Dans ce contexte de mondialisation, de crise des identités et d’économie, le patrimoine constitue un des centres d’intérêt qui mobilisent de plus en plus les agents sociaux aux logiques et déterminations différentes, parfois même opposées. Il fait l’objet d’un intérêt grandissant à l’échelle internationale, comme enjeu de développement économique, touristique et identitaire.
Dans ce monde qui bouge continuellement, le patrimoine semble être le dernier élément de permanence et de référence dont les humains disposent. Un passage de l’édifice isolé à tous les lieux de mémoire de l’activité humaine, aux sites, aux ensembles urbains et aux paysages a marqué le concept du patrimoine, ces dernières décennies. Chaque génération tente de définir les limites de l’objet patrimonial. Ce dernier s’est toujours ouvert et élargi à la réalité sociale, économique et culturelle contemporaine. Aujourd’hui, tout est pratiquement patrimonial.
Dans ce contexte, l’ouvrage Les Confins du patrimoine se révèle particulièrement captivant, car il expose les dénotations et les connotations du patrimoine, la question de la compréhension des phénomènes patrimoniaux et les tentatives de mettre en place des instruments normatifs qui cadreraient l’étude, la gestion, voire la protection de ces manifestations.
À travers ce livre, Martin Drouin, Lucie K. Morisset et Michel Rautenberg orientent la communauté des chercheurs, les lecteurs et tous les acteurs qui s’y intéressent vers de nouvelles pistes de réflexion sur les variations du sens et du contenu du patrimoine, sur ses divers enjeux et dimensions selon les différents contextes et sur ses implications aux plans praxéologique et théorique. Des discordances entre des conceptions du patrimoine et des modes de gestion patrimoniale ainsi que des différenciations linguistiques des conceptions patrimoniales sont constatées et soulignées à travers des exemples étudiés en France ou ailleurs dans le monde.

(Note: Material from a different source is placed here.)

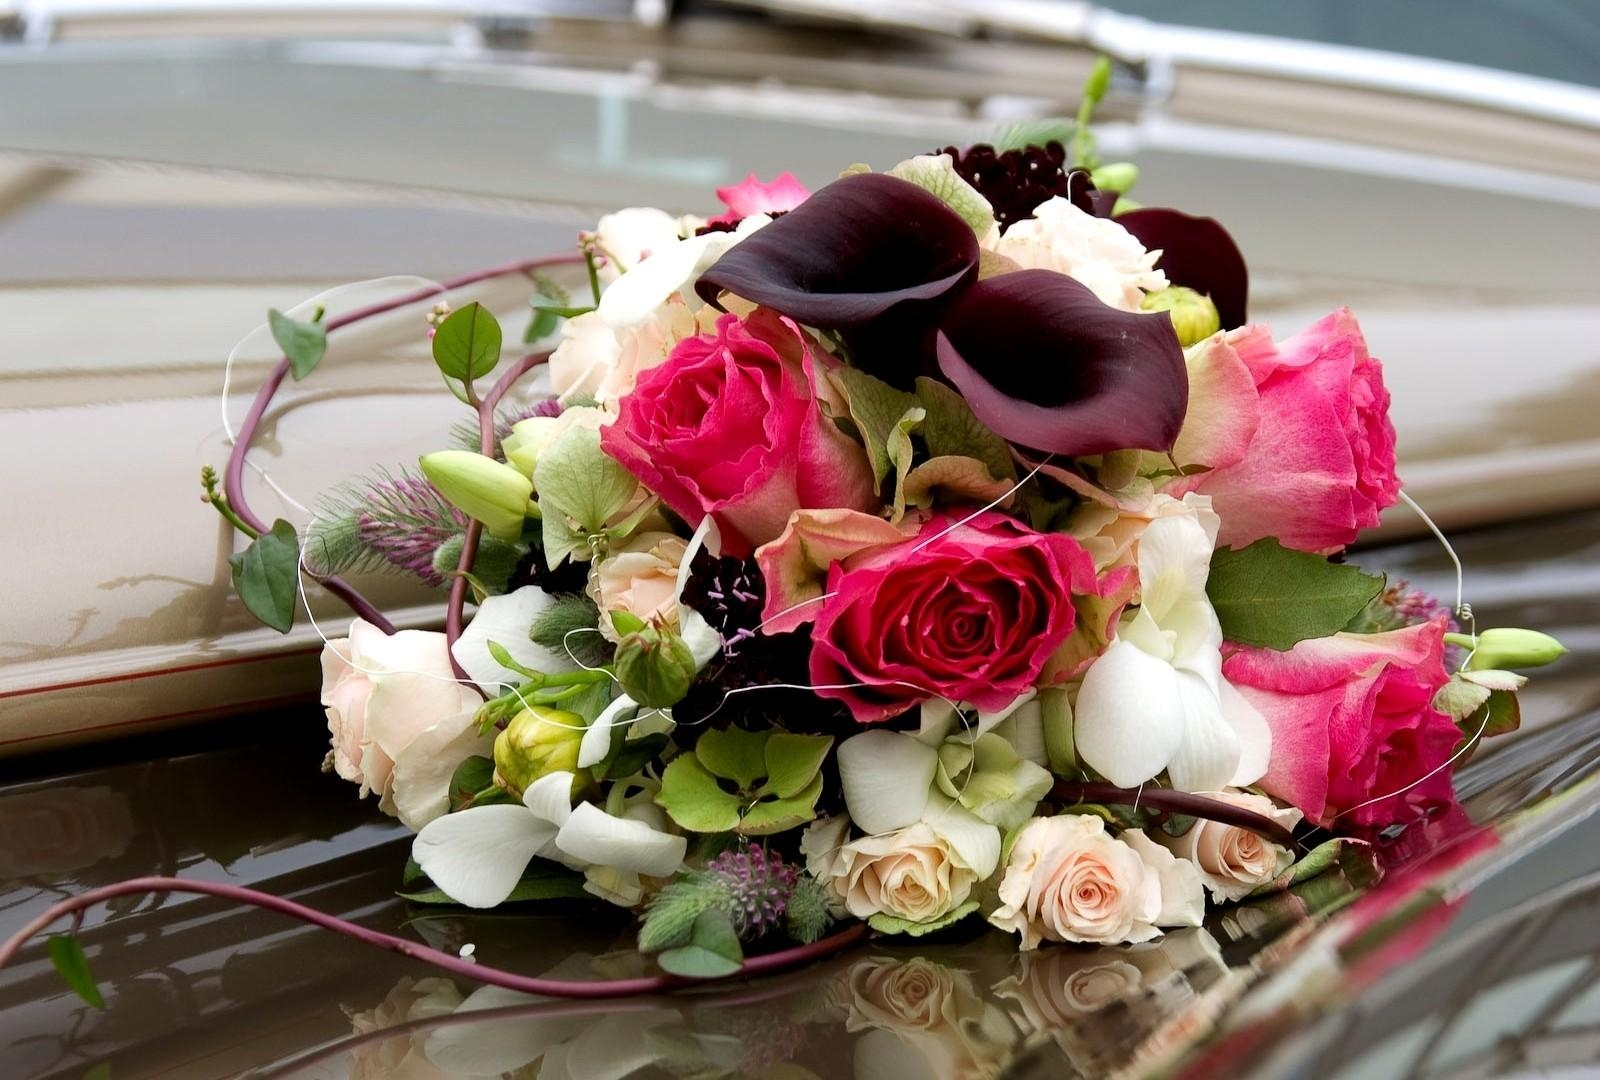 96937 скачать обои Цветы, Каллы, Букет, Оформление, Розы - заставки и картинки бесплатно
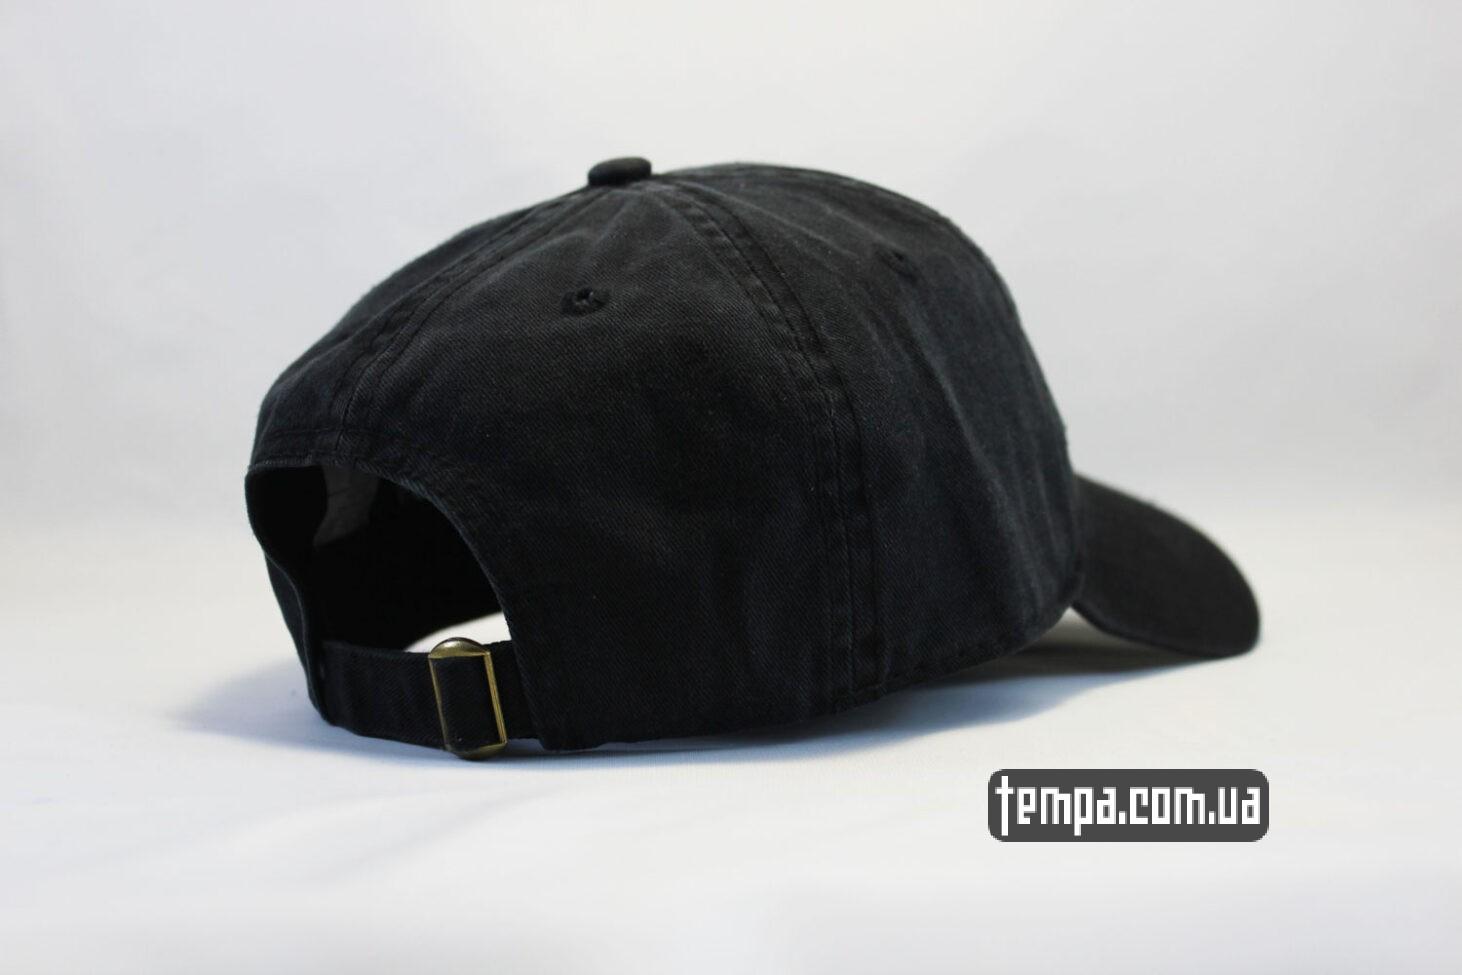 одежда Кархарт купить кепка бейсболка carhartt кожаный логтип черная

L’ouvrage explore une nouvelle frontière de l’expansion patrimoniale. À travers la présentation de plusieurs cas très diversifiés, les auteurs privilégient l’analyse de tensions entre conceptions patrimoniales dans des contextes territoriaux, politiques ou culturels.
Ils soulignent les contradictions dans les conceptions du patrimoine à différentes échelles (locale, nationale, internationale) et dans différents lieux, de même que les discordances entre des conceptions du patrimoine et des modes de gestion patrimoniale ; ils parlent aussi des différenciations linguistiques des conceptions patrimoniales et, conséquemment, des cultures différenciées du patrimoine. Parallèlement, ou subséquemment, ils font ressortir la transformation de la notion et des objets de patrimoine sur un territoire ou au sein d’une communauté, ainsi que la perméabilité, souvent inavouée, des conceptions du patrimoine.
Les confins du patrimoine, un livre de 300 pages, est organisé en neuf axes, regroupés en trois parties. La première partie, intitulée « Du bon vieux monument aux politiques de la reconnaissance », porte sur la mutation des rapports au patrimoine à travers trois études : la « dépatternisation » du patrimoine en terrain postindustriel (France/Royaume-Uni), établie par Sarah Rojon ; le lavoir à charbon des Chavannes à Montceau-les-Mines :(« Le laisser-faire comme projet patrimonial »), par Thierry Bonnot ; et la consommation du patrimoine (« Quand le marché et l’appropriation se mêlent »), par Macarena Hernández-Ramírez et Esteban Ruiz-Ballesteros.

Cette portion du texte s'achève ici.